Each parameters are initialized by corresponding environment variables. If no environment variable with same name is found, default will be used.

Abid supports following types:

  • boolean
  • int
  • float
  • string
  • date
  • datetime
  • time

Settings

play :count do
  set(:file_path, './sql/count.sql')
  set(:query) { File.read(file_path) }

  def run
    query #=> the contents of './sql/count.sql'
  end
end

Plays settings can be declared by set and referenced in run method. If block given, it is evaluated in the same context as run method. The block is called only once and its result is cached.

Following settings are used in abid core:

  • worker
  • volatile

Dependencies

play :sample do
  param :name, type: :string  
  setup do
    needs "parent_task:#{name}"
  end

  def run
    # executed after `parent_task`
  end
end

All prerequisites must be declared in setup block. You can refer parameters and settings in setup block.

Callbacks

play :sample do
  def run
    ...
  end

  before do
    # executed before running
  end

  after do
    # executed when the task successed
  end

  around do |body|
    body.call # `run` method is called
  ensure
    ...       # executed even if the task failed
  end
end

Extending plays

You can extend plays in object-oriented style.

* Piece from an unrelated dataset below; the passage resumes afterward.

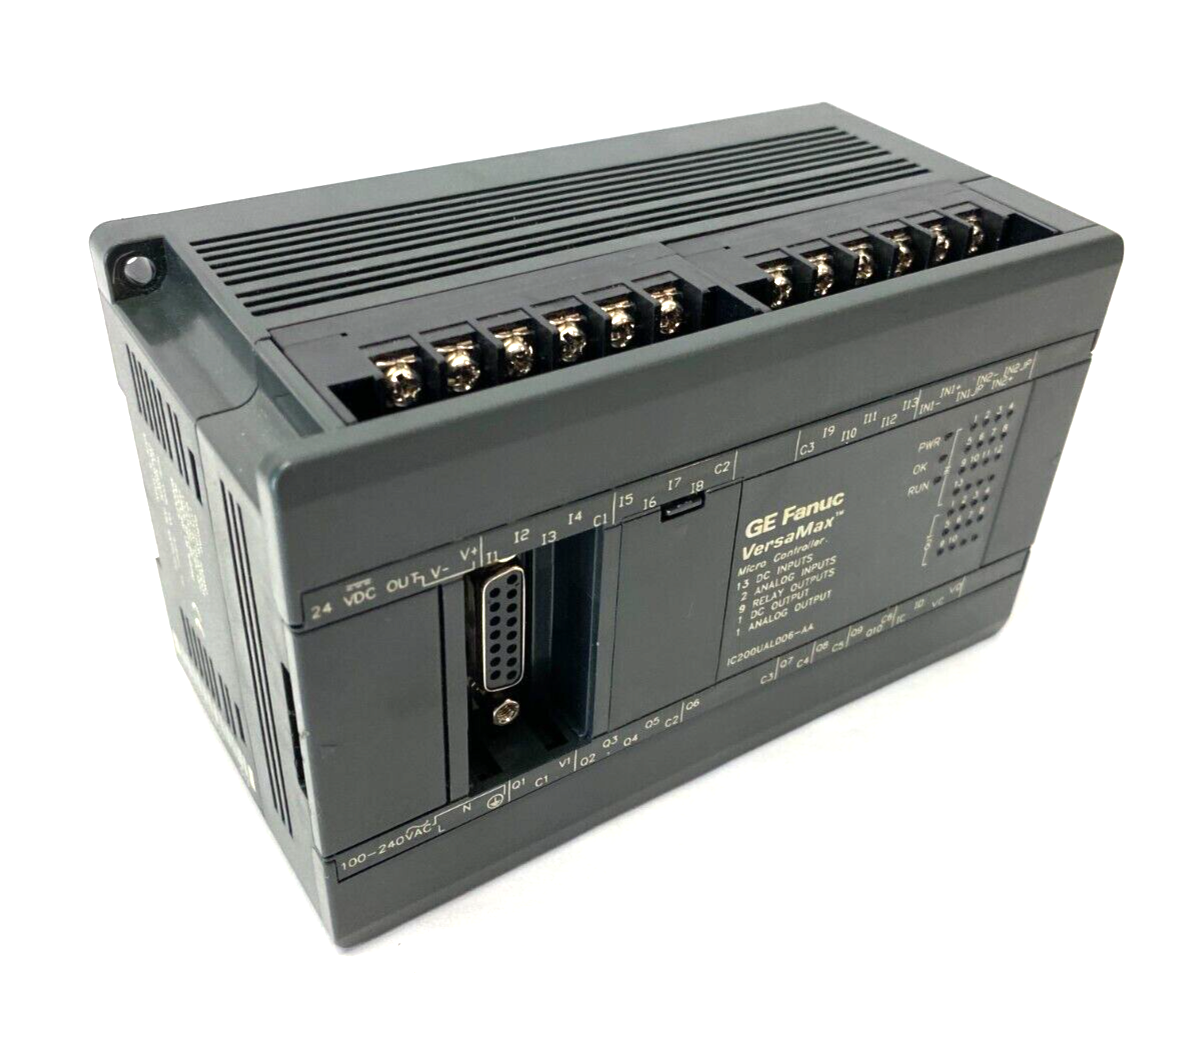 GE Fanuc IC200UAL006-AA VersaMax Analog Micro Controller Module 23 Point

All parameters, settings and methods are inherited.

play :abstract_count do
  def run
    `hive -f #{file_path}`
  end
end

play :count, extends: :abstract_count do
  set :file_path, 'sql/count.sql'
end

---

$ abid count #=> hive -f sql/count.sql

Common base play can be defined by play_base keyword:

play_base do
  param :date, type: :date
end

All plays inherit the play_base definition.

Plays internal

The play implementation can be illustrated as below:

play :sample do
  param :date, type: :date
  set(:file_path, 'sql/count.sql')
  set(:query) { File.read(file_path) }
  def run
    ...
  end
end

# <=>

class Sample < Abid::Play
  attr_reader :date
  def initialize(date)
    @date = Date.parse(date)
  end

  def file_path
    'sql/count.sql'
  end
  def query
    @query ||= File.read(file_path)
  end

  def run
    ...
  end
end

task :sample do
  Sample.new(ENV['date']).run
end

When play is defined, new subclass of Avid::Play is created and play body is evaluated in that new class context. So, any class goodies can be put in play's body, i.e. including modules, attr_reader / attr_writer, method definitions, etc..

Built-in tasks

state:list

$ abid state:list started_after="2000-01-01 00:00:00" started_before="2000=01-02 00:00:00"

Display plays current states.

state:revoke

$ abid state:revoke[id]

Remove the play recored from DB.

state:assume

$ abid state:assume[task_name] date=2000-01-01

Insert a record that the play successed into DB.

db:migrate

$ abid db:migrate

Initialize or update DB.

Development

After checking out the repo, run bin/setup to install dependencies. Then, run rake test to run the tests. You can also run bin/console for an interactive prompt that will allow you to experiment.

To install this gem onto your local machine, run bundle exec rake install. To release a new version, update the version number in version.rb, and then run bundle exec rake release, which will create a git tag for the version, push git commits and tags, and push the .gem file to rubygems.org.

Contributing

Bug reports and pull requests are welcome on GitHub at https://github.com/ojima-h/abid. This project is intended to be a safe, welcoming space for collaboration, and contributors are expected to adhere to the Contributor Covenant code of conduct.

License

The gem is available as open source under the terms of the MIT License.